• **Activity**
Under this line are records; the part from the line containing "Cheetah (Acinonyx jubatus" through the line containing "Vivian Vo - Fashion Photography Website" should be repeated exactly. Please exclude pictures.

[[ Supplied information open ]]

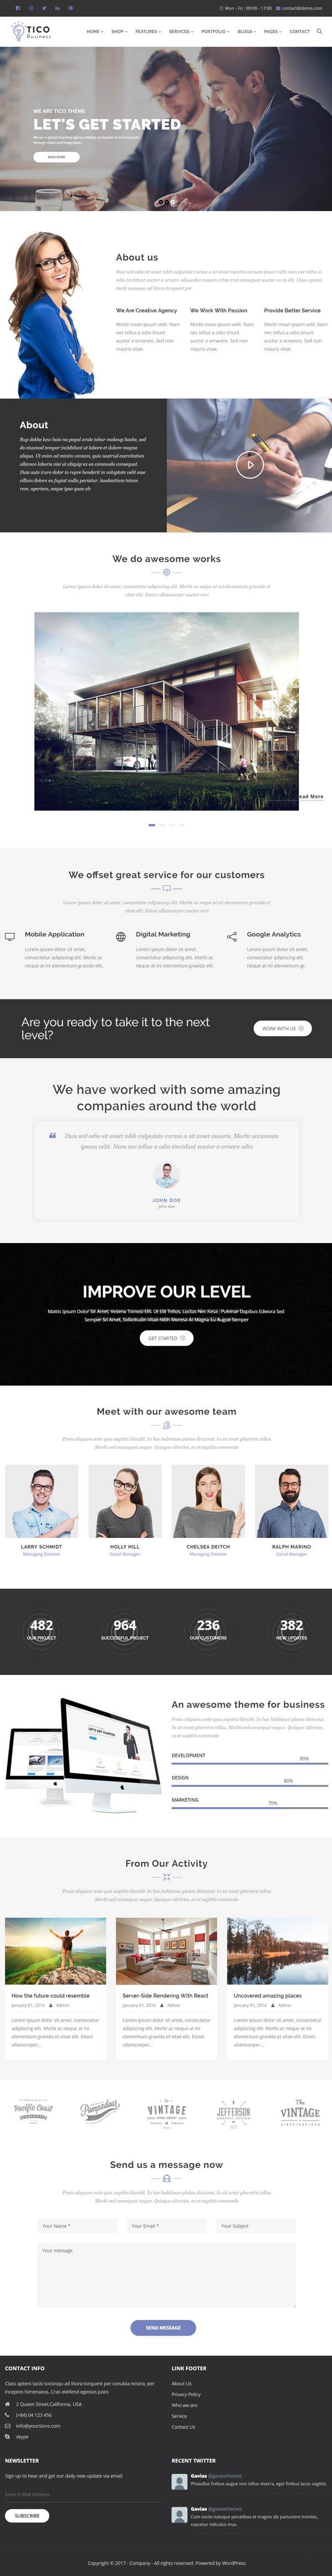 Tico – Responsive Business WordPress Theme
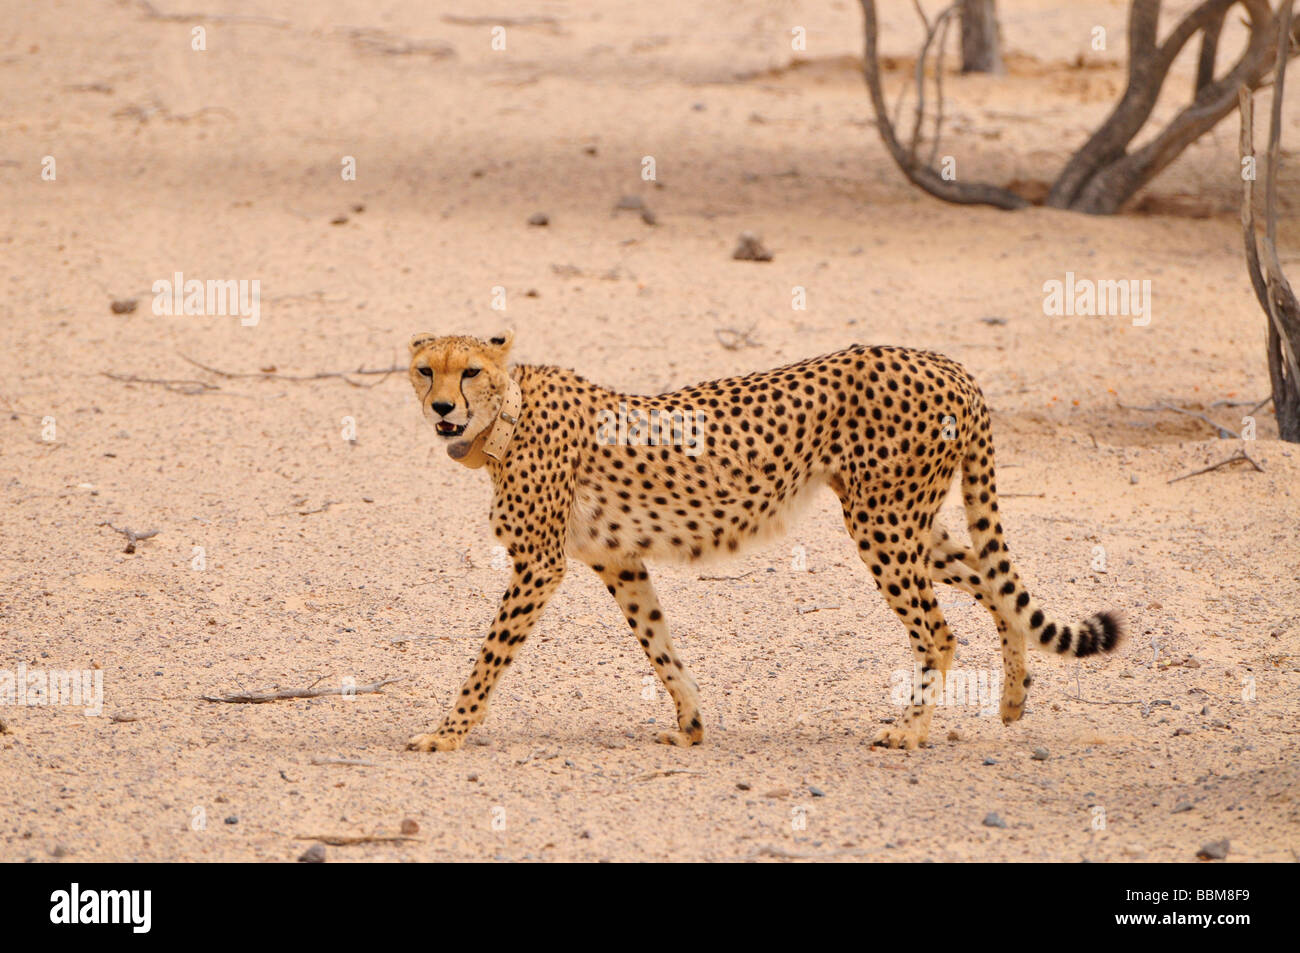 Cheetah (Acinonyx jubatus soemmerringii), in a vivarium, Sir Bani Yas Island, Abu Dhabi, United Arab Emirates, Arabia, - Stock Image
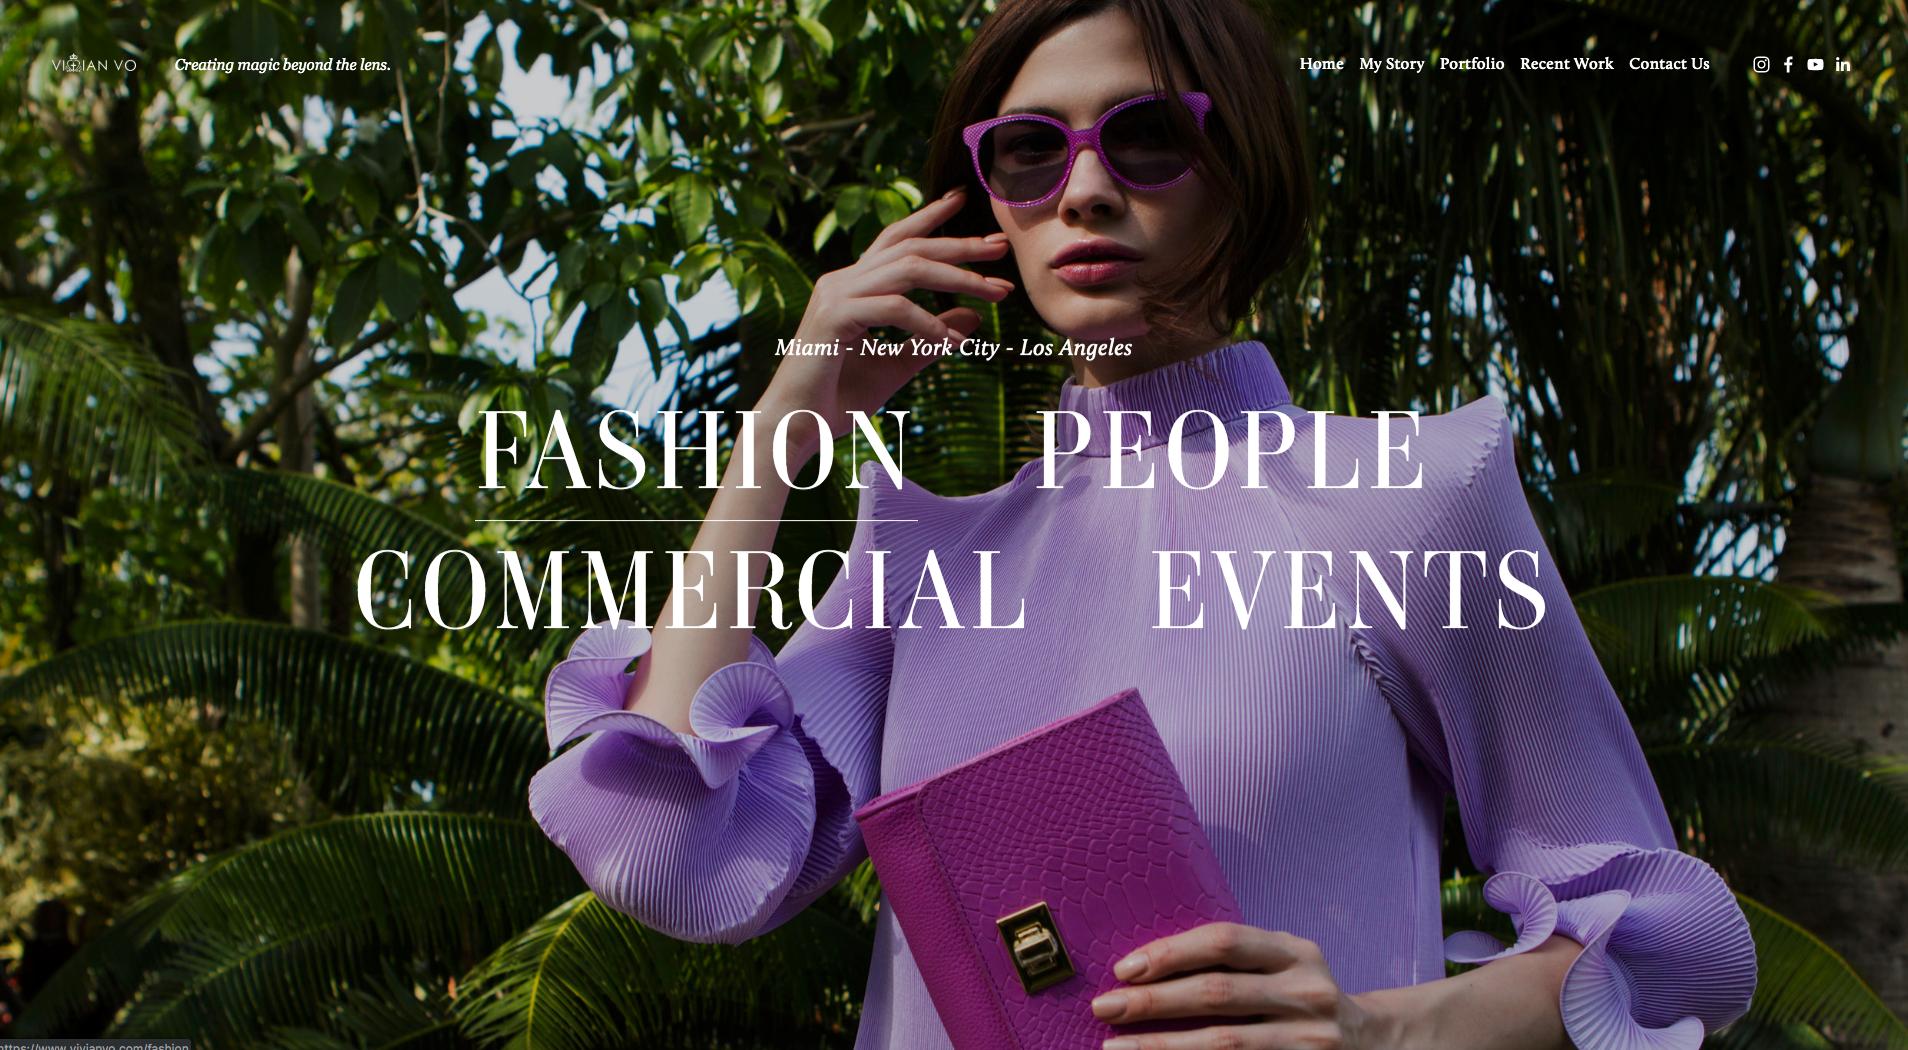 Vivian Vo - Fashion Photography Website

[[ Supplied information closed ]]
[[ Supplied information open ]]

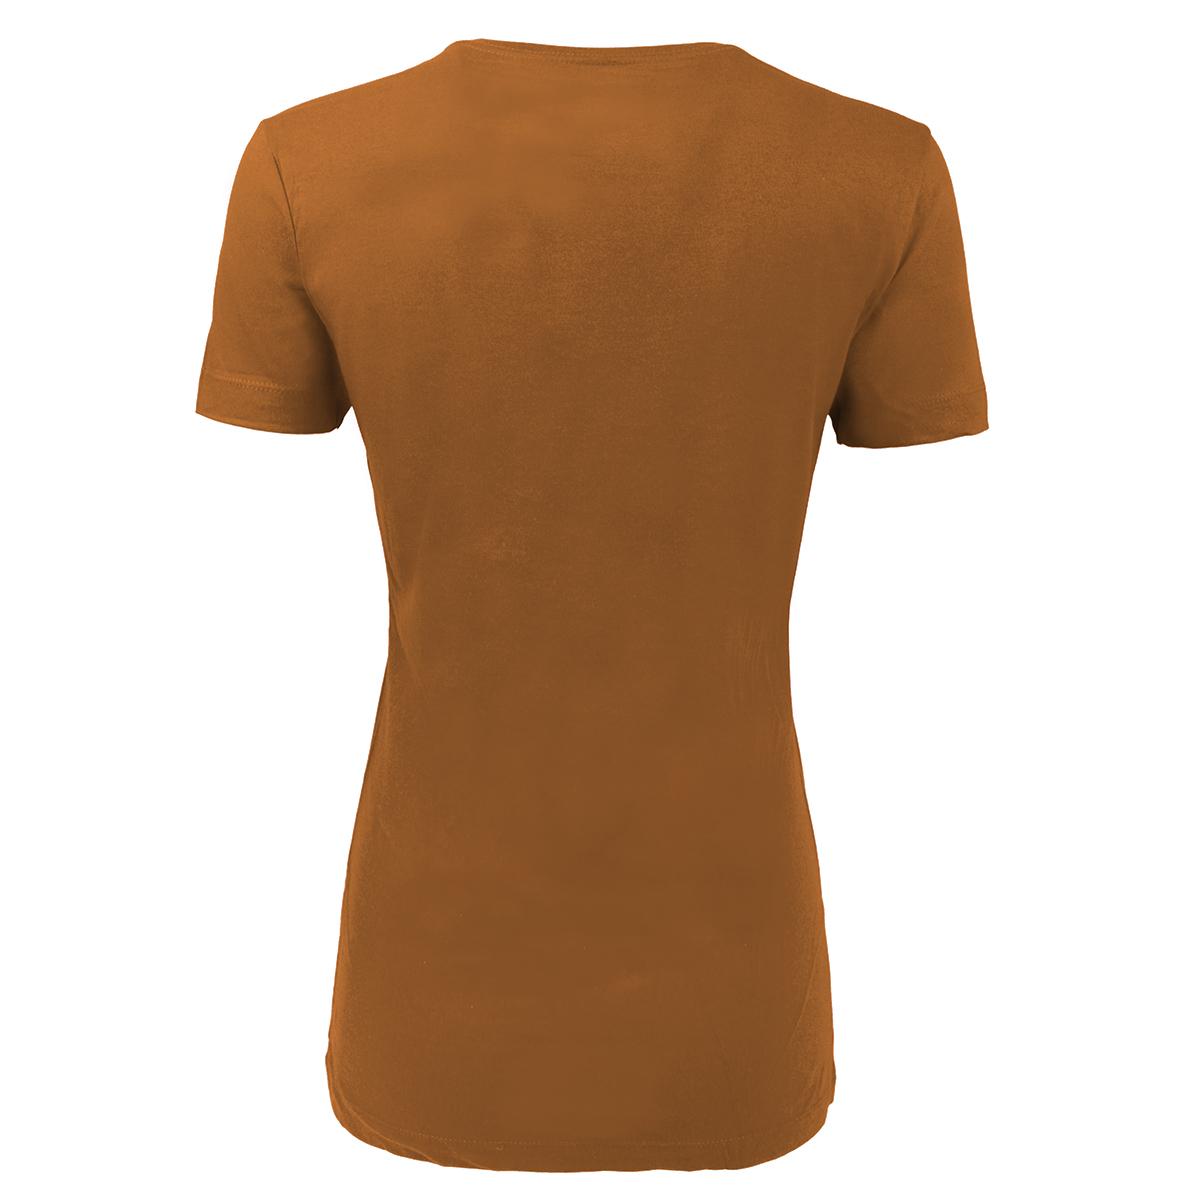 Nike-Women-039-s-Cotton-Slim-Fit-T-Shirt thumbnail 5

[[ Supplied information closed ]]
[[ Supplied information open ]]

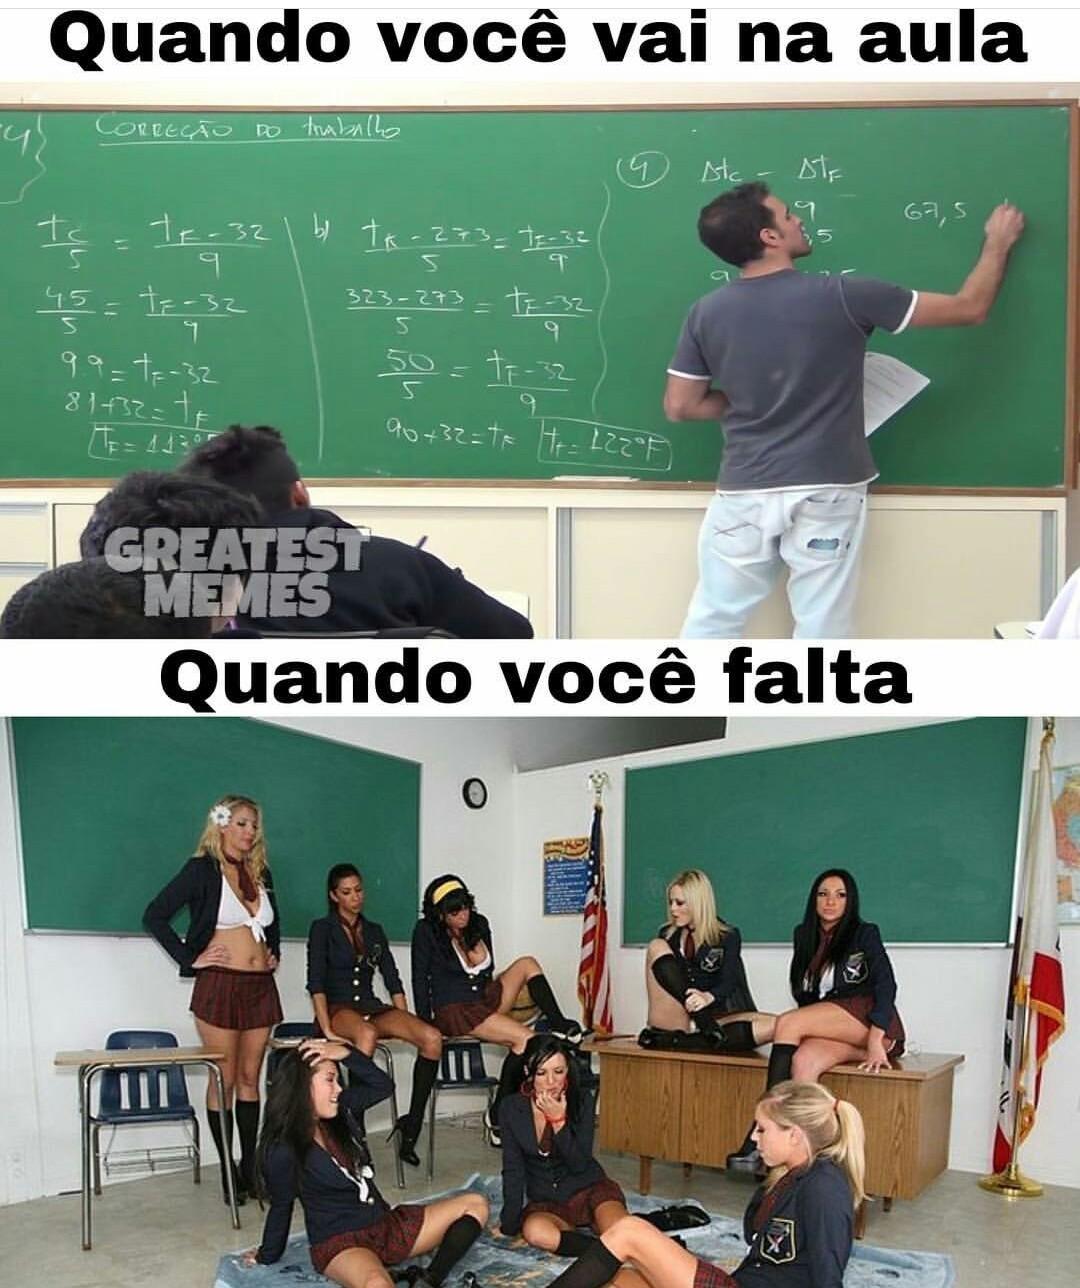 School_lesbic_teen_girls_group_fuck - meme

[[ Supplied information closed ]]

• **Written response**
 Cheetah (Acinonyx jubatus soemmerringii), in a vivarium, Sir Bani Yas Island, Abu Dhabi, United Arab Emirates, Arabia, - Stock Image
 Vivian Vo - Fashion Photography Website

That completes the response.